New material could offer hope to those with no voice
By By Anne Trafton, MIT News Office | 14 Jul 2011
In 1997, the actress and singer Julie Andrews lost her singing voice following surgery to remove non-cancerous lesions from her vocal cords. She came to Steven Zeitels, a professor of laryngeal surgery at Harvard Medical School, for help.
Researchers at MIT and MGH have developed a polymer gel that mimics the vibrations of human vocal cords.
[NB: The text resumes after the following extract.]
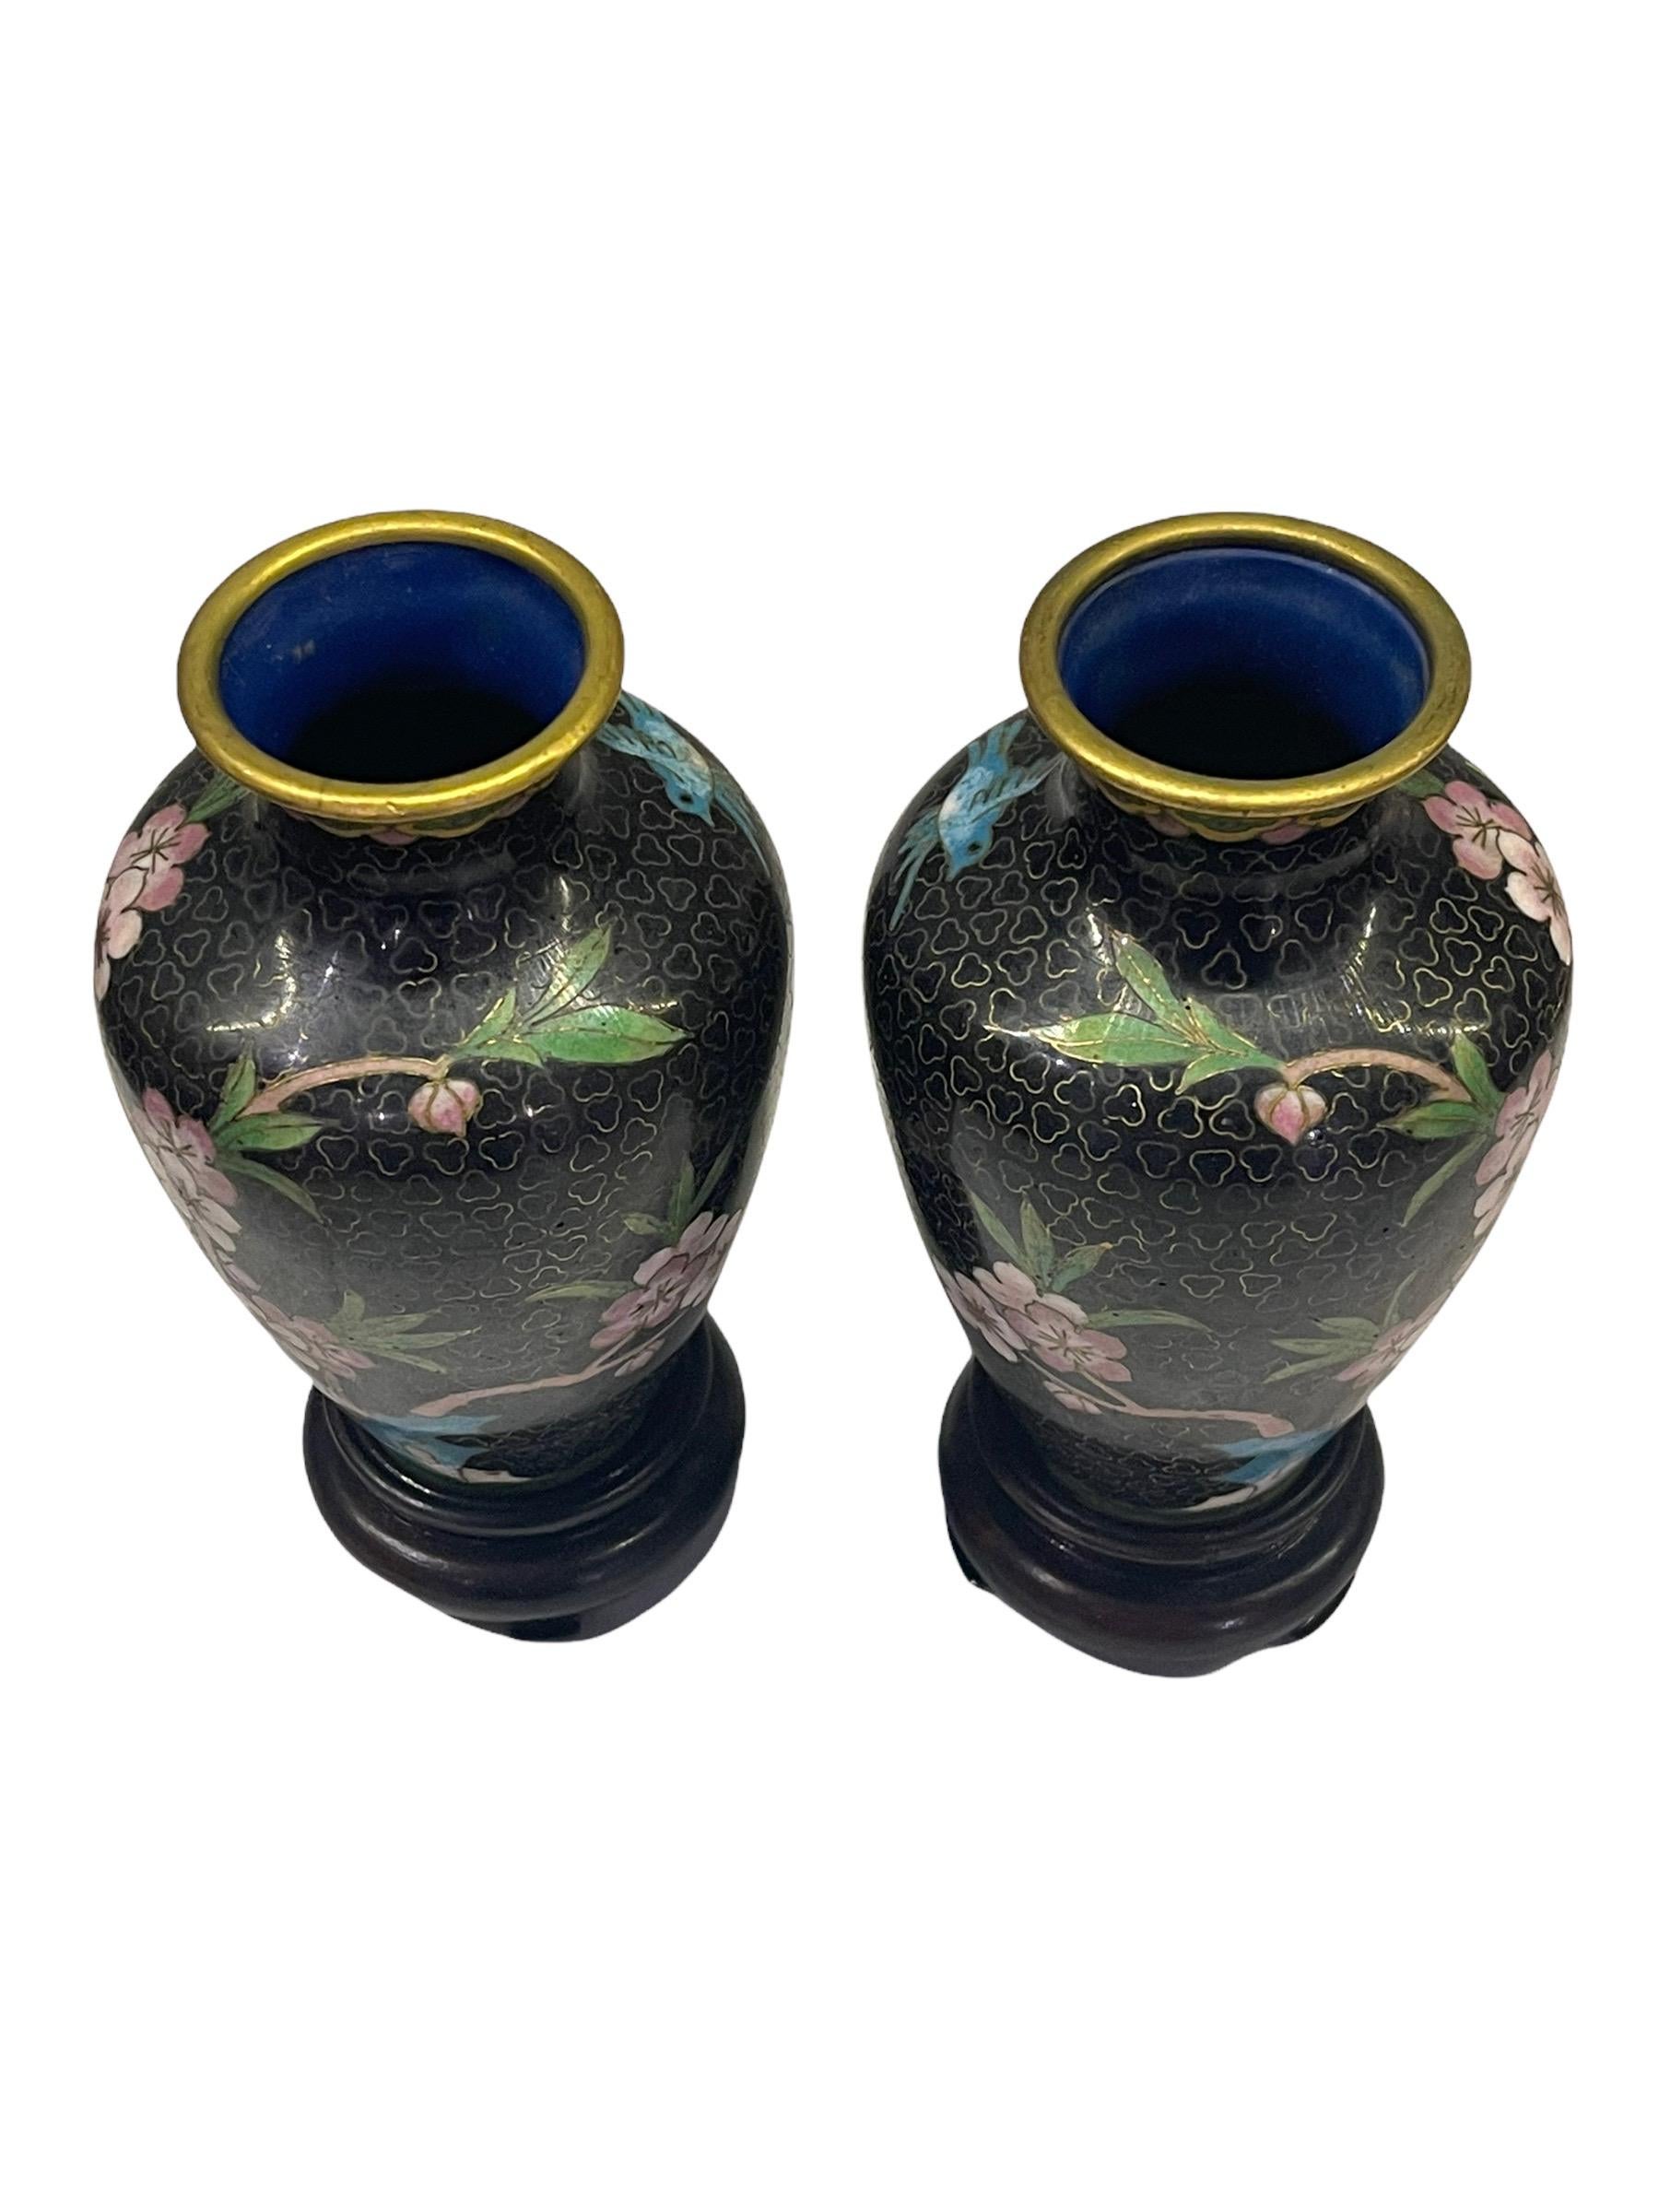 A pair of early 20th Century (Republic Period) Chinese urn vases created in the traditional cloisonne method. The miniature vases features brass metal forms with a classic baluster shape. The surface has been exquisitely hand decorated in colored

Image: MIT/MGH |
Zeitels was already starting to develop a new type of material that could be implanted into scarred vocal cords to restore their normal function.
In 2002, he enlisted the help of MIT's Robert Langer, the David H Koch Institute Professor in the department of chemical engineering, an expert in developing polymers for biomedical applications.
The team led by Langer and Zeitels has now developed a polymer gel that they hope to start testing in a small clinical trial next year.
The gel, which mimics key traits of human vocal cords, could help millions of people with voice disorders - not just singers such as Andrews and Steven Tyler, another patient of Zeitels'.
About 6 per cent of the US population has some kind of voice disorder, and the majority of those cases involve scarring of the vocal cords, says Sandeep Karajanagi, a former MIT researcher who developed the gel while working as a postdoc in the Langer Lab.